I once watched a contractor have his best year on paper and nearly lose the business because of it. Revenue was up. His accountant called in December to tell him the company had cleared a strong profit. Then January came, payroll was due, and there wasn't enough in the account to cover it. The profit was real. The cash wasn't there. He ended up borrowing money he had technically already earned — and paying interest on it.
That gap between profit and cash is the single most important concept most business owners never get explained to them. Profit is an accounting number. It shows up on your income statement when you earn revenue and incur expenses, regardless of when money actually changes hands. Cash is what's in the bank on Friday when you have to make payroll. They are not the same thing, and the distance between them is where otherwise healthy businesses fail.

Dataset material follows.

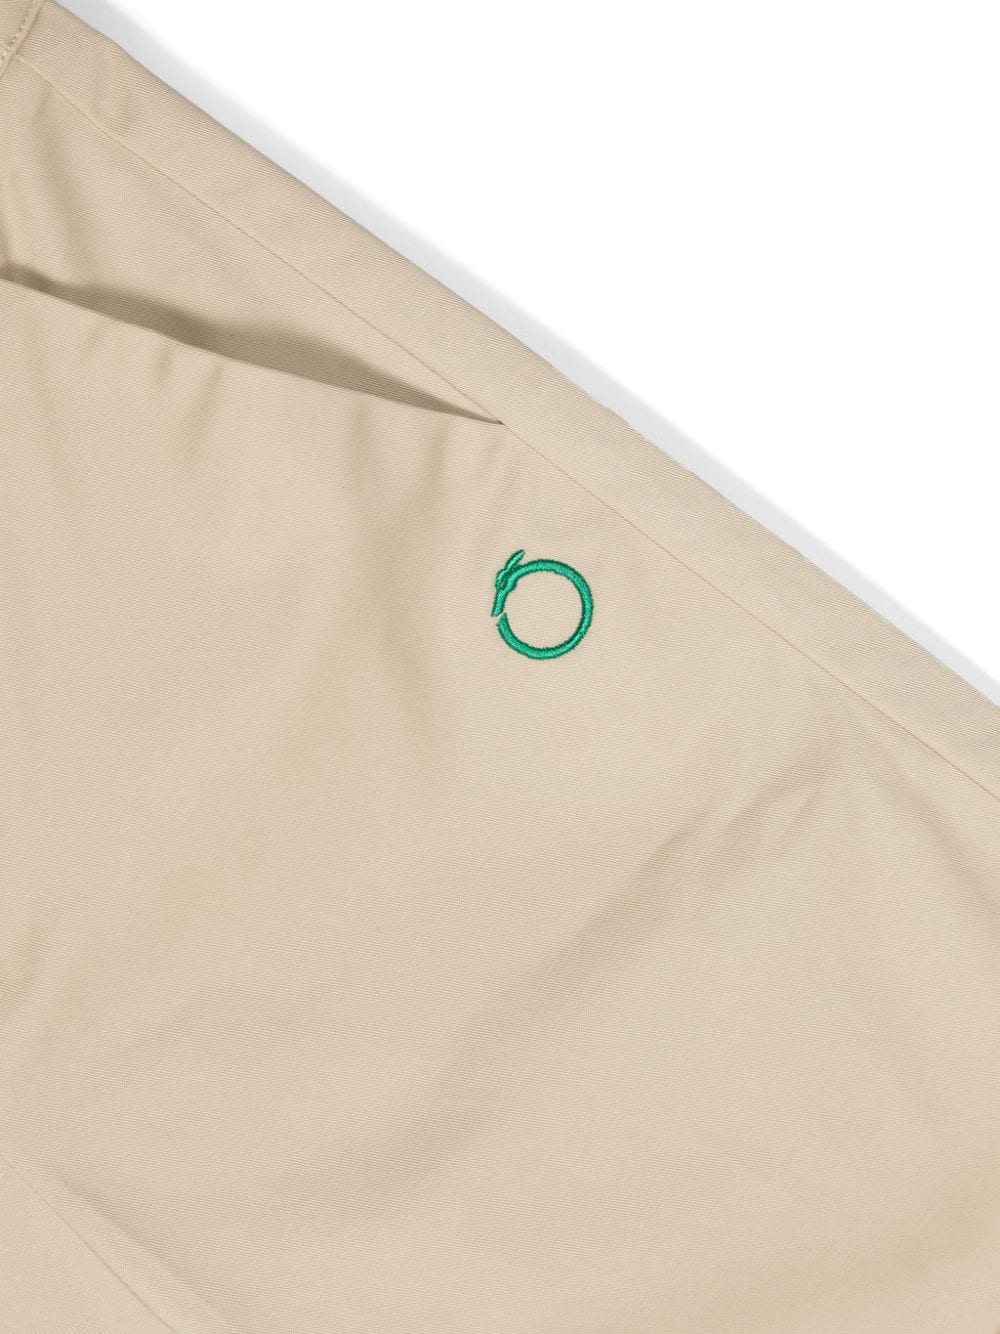 Beige Bermuda shorts for boys with green logo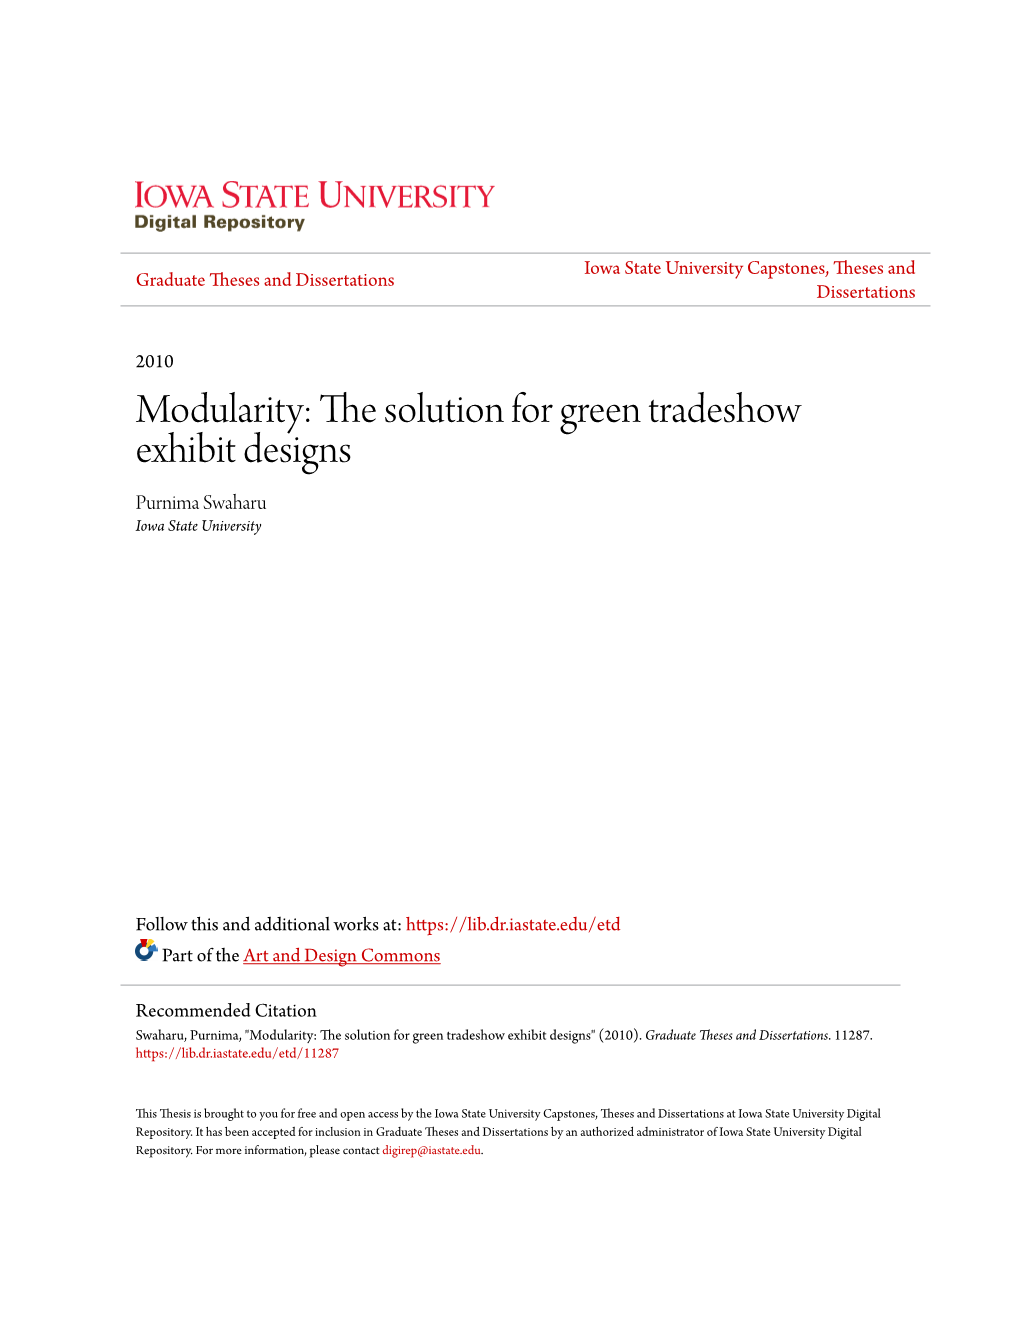 Modularity: the Solution for Green Tradeshow Exhibit Designs Purnima Swaharu Iowa State University

Here's where the gap lives. When you invoice a customer in December on net-30 terms, that revenue hits your profit-and-loss statement in December — but the cash doesn't arrive until late January, if you're lucky. Every dollar you've earned but haven't collected is sitting in accounts receivable, which is an asset on paper and nothing in your checking account. The same thing happens with inventory and materials you buy up front for work that hasn't been billed. The faster you grow, the worse this gets. More revenue means more money tied up in receivables and materials before customers pay you back. That's why growing companies so often hit their tightest cash crunch in their strongest years.
The remedy isn't complicated, but it requires you to look at the right number. Stop reading only your income statement. Pull your cash flow statement every month and find the operating cash flow line — the cash your business actually generated from running operations. If that number is consistently positive, the business is funding itself. If it's negative while you're showing a profit, your working capital is eating your cash, and you need to know why before it becomes a payroll problem. Track the gap between your net income and your operating cash flow. When it widens, it's almost always because customers are paying slower or you're carrying more inventory. Tighten your invoicing, follow up on collections, and ask for deposits on large jobs. Profit tells you whether the work is worth doing. Cash tells you whether you'll still be in business next month. You need to manage both.